Le colonel Auguste Denise Barry est accusé d’avoir mis en place un mouvement insurrectionnel pour déstabiliser le régime actuel.
Après deux ans et demi d’ombre, le colonel Auguste Denise Barry revient dans la lumière, malgré lui. Le bras droit de Yacouba Isaac Zida, l’ancien premier ministre de la transition, a été, selon le parquet militaire, inculpé, jeudi 4 janvier, d’« atteinte à la sûreté de l’Etat » et écroué à la Maison d’arrêt et de correction des armées (MACA).

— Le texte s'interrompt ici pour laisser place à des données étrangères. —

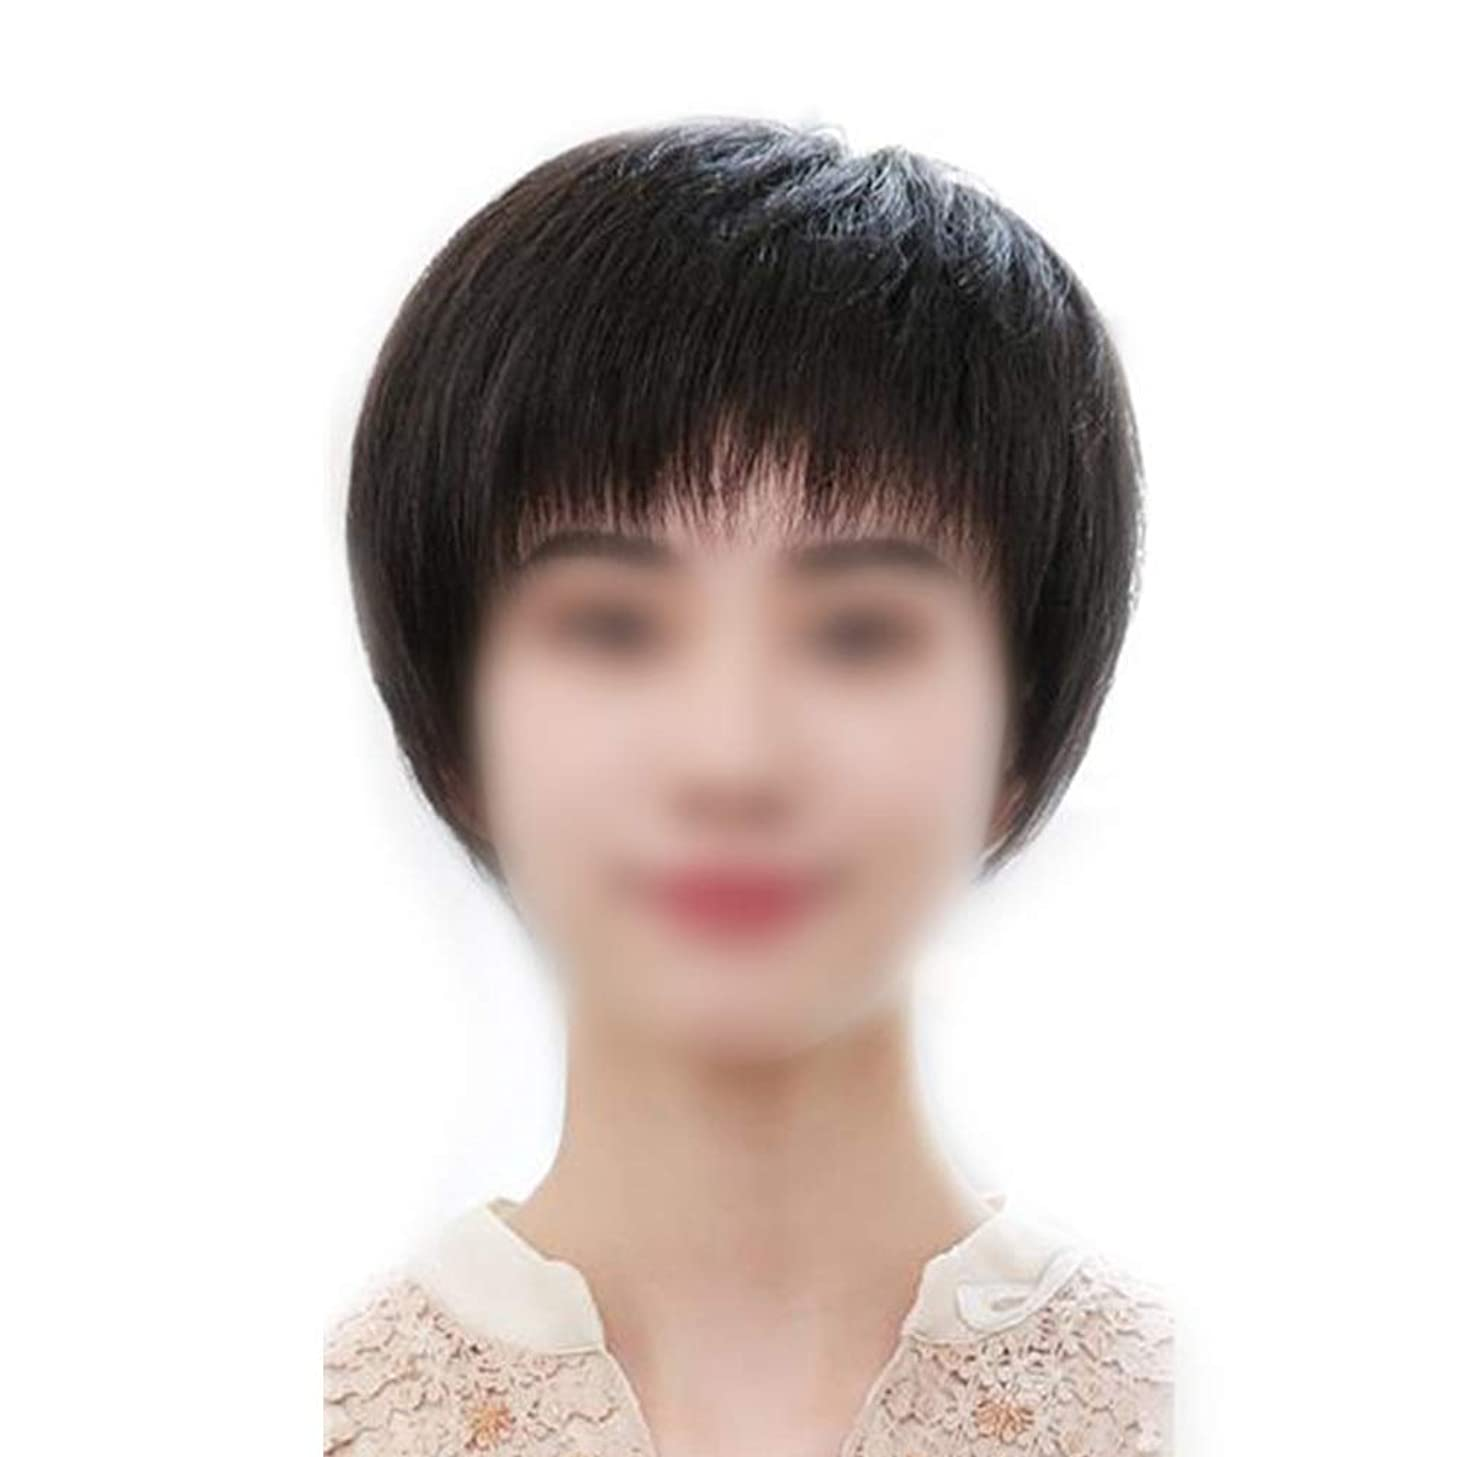 強風関係立場Yrattary 女性用ショートヘアフルハンドウィッグリアルヘアウィッグリアルなナチュラルルッキングロールプレイングウィッグキャップ (色 : Natural black)

L’ancien ministre de la sécurité avait été arrêté par la gendarmerie nationale à Ouagadougou le 29 décembre 2017. Selon l’acte d’instruction que Le Monde Afrique a pu consulter, il lui est reproché « de prévoir avec d’autres personnes la déstabilisation du régime en place par un mouvement insurrectionnel ».
« La tentative est claire et avérée, assure une source sécuritaire. Le colonel Barry voulait se baser sur les organisations de la société civile afin de monter des manifestations prévues pour le 30 décembre dans le but de déstabiliser le pays », poursuit notre source, qui évoque de fortes sommes données à ces associations. « Une importante somme d’argent a été saisie », a confirmé le parquet militaire dans un communiqué. En parallèle, le colonel Auguste Denise Barry aurait contacté des éléments des forces de défense et de sécurité afin de s’assurer de leur soutien. En vain. « L’un d’entre eux a parlé et divulgué son plan », ajoute notre source.
Soupçons de coup d’Etat
Entendu jeudi, le colonel Barry rejette en bloc ces accusations. « Il attend qu’on lui présente ce qu’on lui reproche exactement », affirme un connaisseur du dossier, précisant qu’aucun élément précis et factuel sur le chef d’accusation d’atteinte à la sûreté de l’Etat n’a pour l’instant été présenté à l’intéressé.
Ministre de la sécurité éphémère sous l’ancien régime du président Blaise Compaoré, en 2011, le colonel Barry avait continué au même poste sous la transition, avant d’être remercié, en juillet 2015, suite à ce que les Burkinabés surnomment la « troisième crise du RSP ». Le Régiment de sécurité présidentielle (RSP), la garde rapprochée de M. Compaoré, dissoute après le putsch manqué de septembre 2015, était en conflit ouvert depuis des mois avec le premier ministre de la transition, Yacouba Isaac Zida.
En juin 2015, des militaires de l’ex-RSP ont été accusés de fomenter un coup d’Etat et même un complot visant à abattre l’avion du premier ministre. Fantasme ou réalité, le président de la transition, Michel Kafando, trouva sa solution : déboulonner Auguste Denise Barry, proche de M. Zida, à qui la hiérarchie militaire reprochait d’instrumentaliser des organisations de la société civile afin de demander une réforme de l’armée et la dissolution du RSP.
Règlement de comptes
Depuis juillet 2015, le colonel était resté discret, profitant de son éloignement du pouvoir pour créer son institut, le Centre d’études stratégiques en défense et sécurité (CESDS), en septembre 2016. A Ouagadougou, une partie de l’opinion lie son arrestation aux contradictions qui l’opposent à la hiérarchie militaire depuis la création de ce centre, qui s’apprêtait à publierune étude sur l’état des forces de défense et de sécurité au Burkina Faso. De source proche du dossier, un règlement de comptes n’est pas à exclure dans la mesure où « le colonel se savait surveillé depuis quelques temps ».
Tentative de putsch avérée ou bagarre politique… Ce n’est en tout cas pas la première tentative de déstabilisation des institutions annoncée par les autorités depuis leur arrivée au pouvoir, fin 2015. En janvier 2016, des éléments de l’ex-RSP avaient été accusés,, après l’attaque de la poudrière de Yimdi, de fomenter un complot militaire. Huit mois plus tard, Simon Compaoré, le ministre de la sécurité, avait cette fois annoncé avoir déjoué une tentative de déstabilisation des institutions orchestrée, là encore, par l’ancienne garde prétorienne de Blaise Compaoré.
Inculpé, le colonel Auguste Denise Barry devra donc prolonger son séjour à la MACA . Et continuer à en partager les couloirs décrépis avec l’ancien chef du RSP, le général Gilbert Diendéré, et ses hommes, qui y sont écroués depuis leur coup d’Etat de septembre 2015, lui aussi avorté.